Activities for the Hearing Impaired Preschooler

With many schools having all-inclusive classrooms, most hearing-impaired students are included in school as early as preschool age. With an aid, hearing-impaired preschool children can function normally in a regular preschool class. There are several activities you can do with hearing-impaired preschoolers to better incorporate them into your everyday classes and to help them feel at home within the school at large.
  1. Feeling Music

    • All students love to listen to music and do hand motions, dances and singalong songs. Incorporating hearing-impaired students into these activities is easy. Bring in a large boombox, record player or CD player that has speakers students can touch and feel.
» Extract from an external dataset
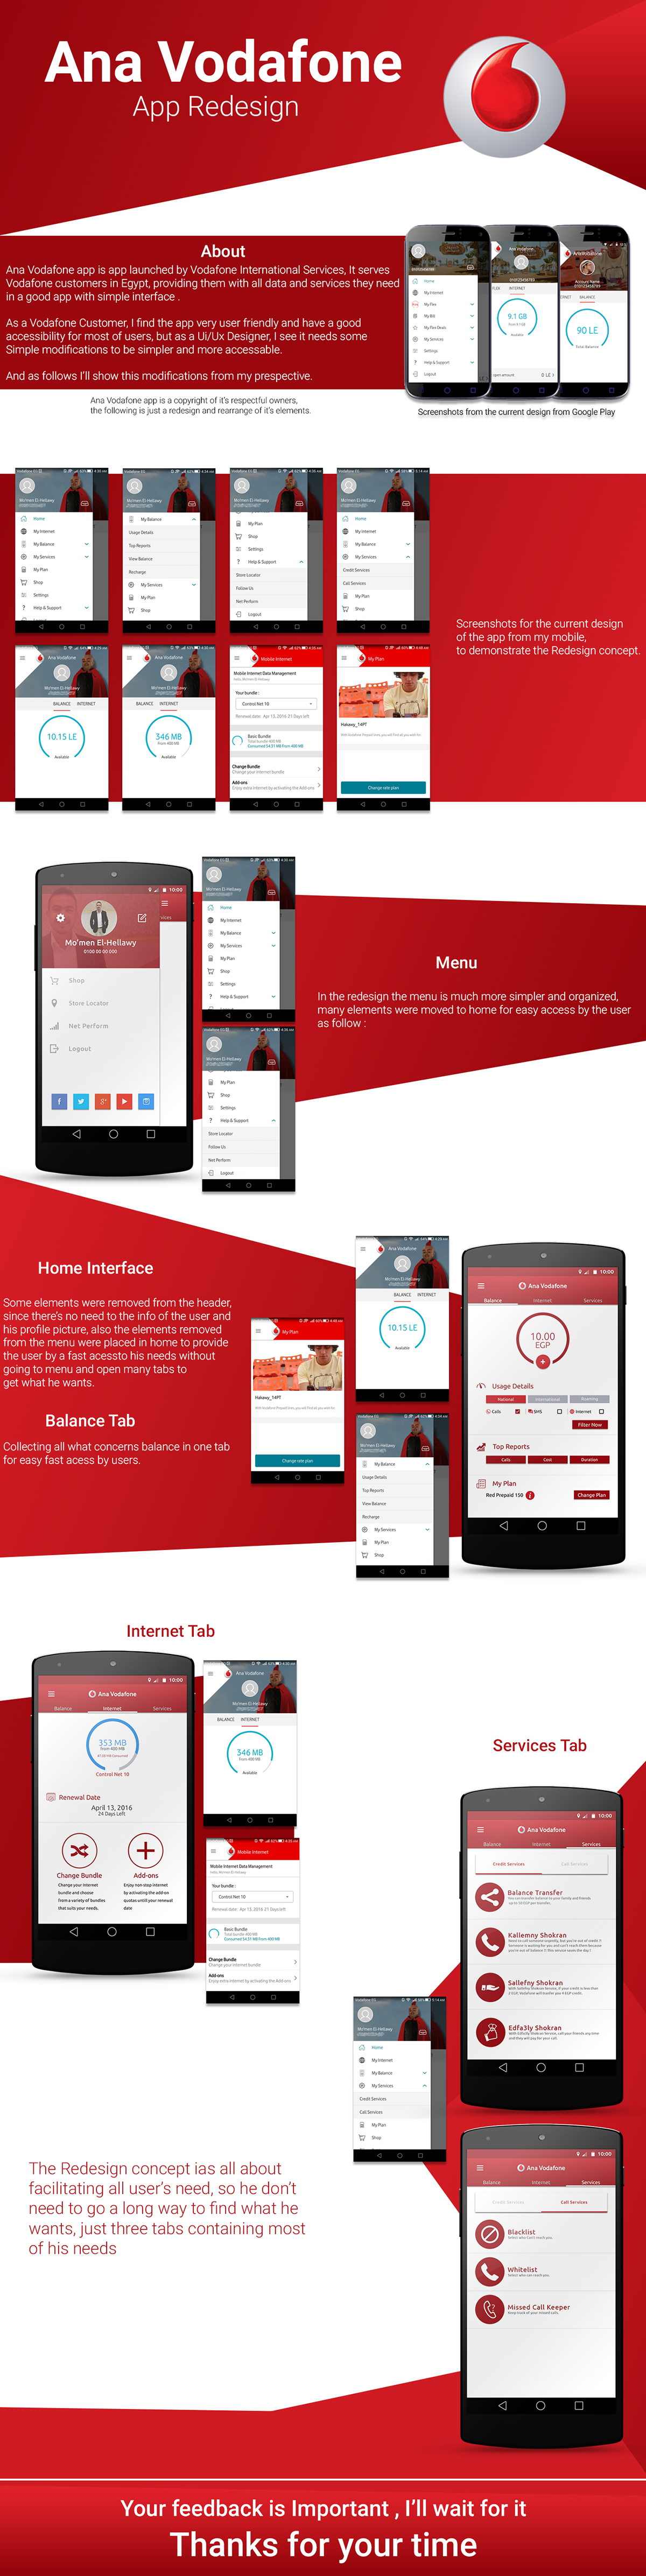 Ana Vodafone vodafone redesign design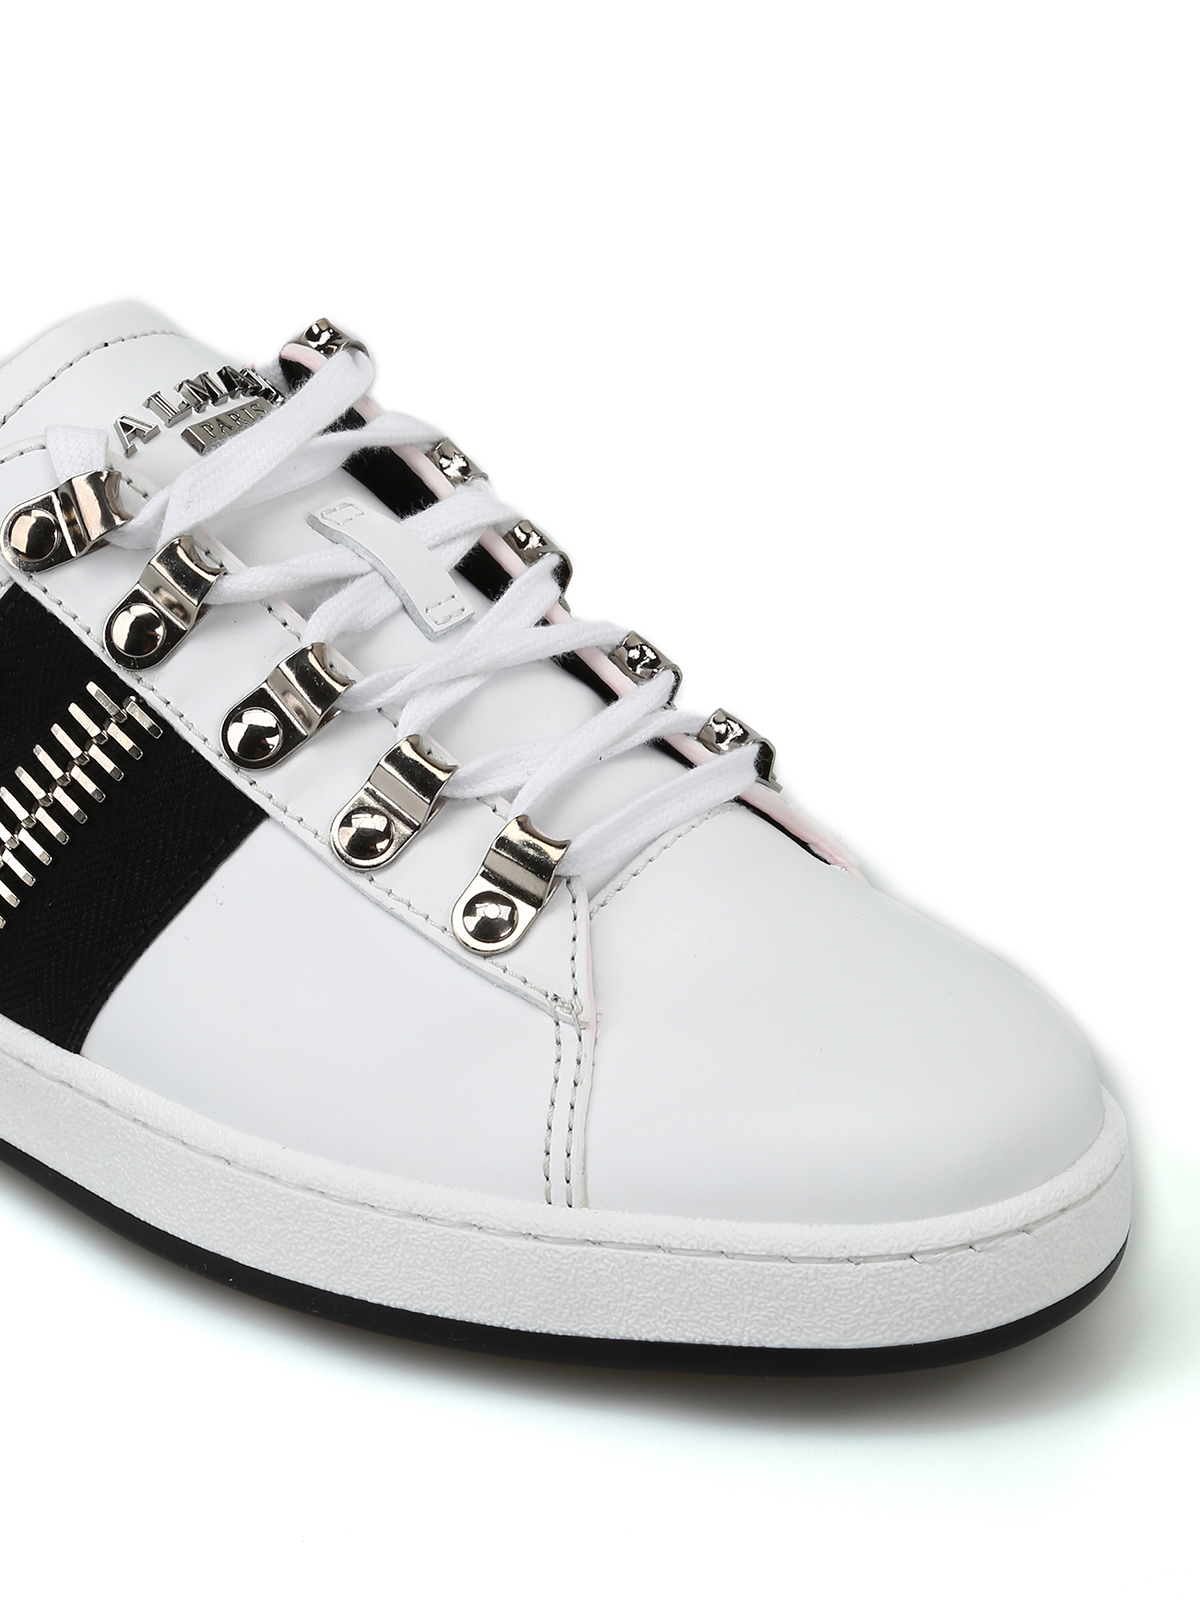 balmain white shoes

As you play the music, be sure to turn up the bass and the lower end of the music with the controls. As the rest of the students listen to the song, hearing-impaired preschoolers can hold the speaker, put their hands on it, or, if it is large enough, sit on it. By feeling the music, the hearing-impaired student is able to use all of his or her senses and understand more about what is going on in the classroom.

    Signing and Singing

    • Teach all students a song. Along with the lyrics, teach all students the sign language that goes along with it. Most likely, the hearing-impaired preschooler will have had sign or will understand sign language. By teaching all of the students the ways to sign the songs as they sing them, the entire class can sing a song together without leaving anyone out. Also, the students who are not hearing-impaired will have a better way to communicate with the preschoolers who are.

    Colors and Lights

    • Have hearing-impaired preschool students work together with the rest of the class to create a system of colors and lights that can be used in the classroom. All students should work together and should vote on what should be used. Some ideas that teachers might help students brainstorm include having a teacher plug in a string of Christmas lights when assignments are five minutes away from being due, or having different-colored cards on each desk that can be turned over when students need help with a particular assignment. The activity of working together to make decisions about what color and light systems will be used is an excellent community-building activity and will help students understand the plight of hearing-impaired preschoolers.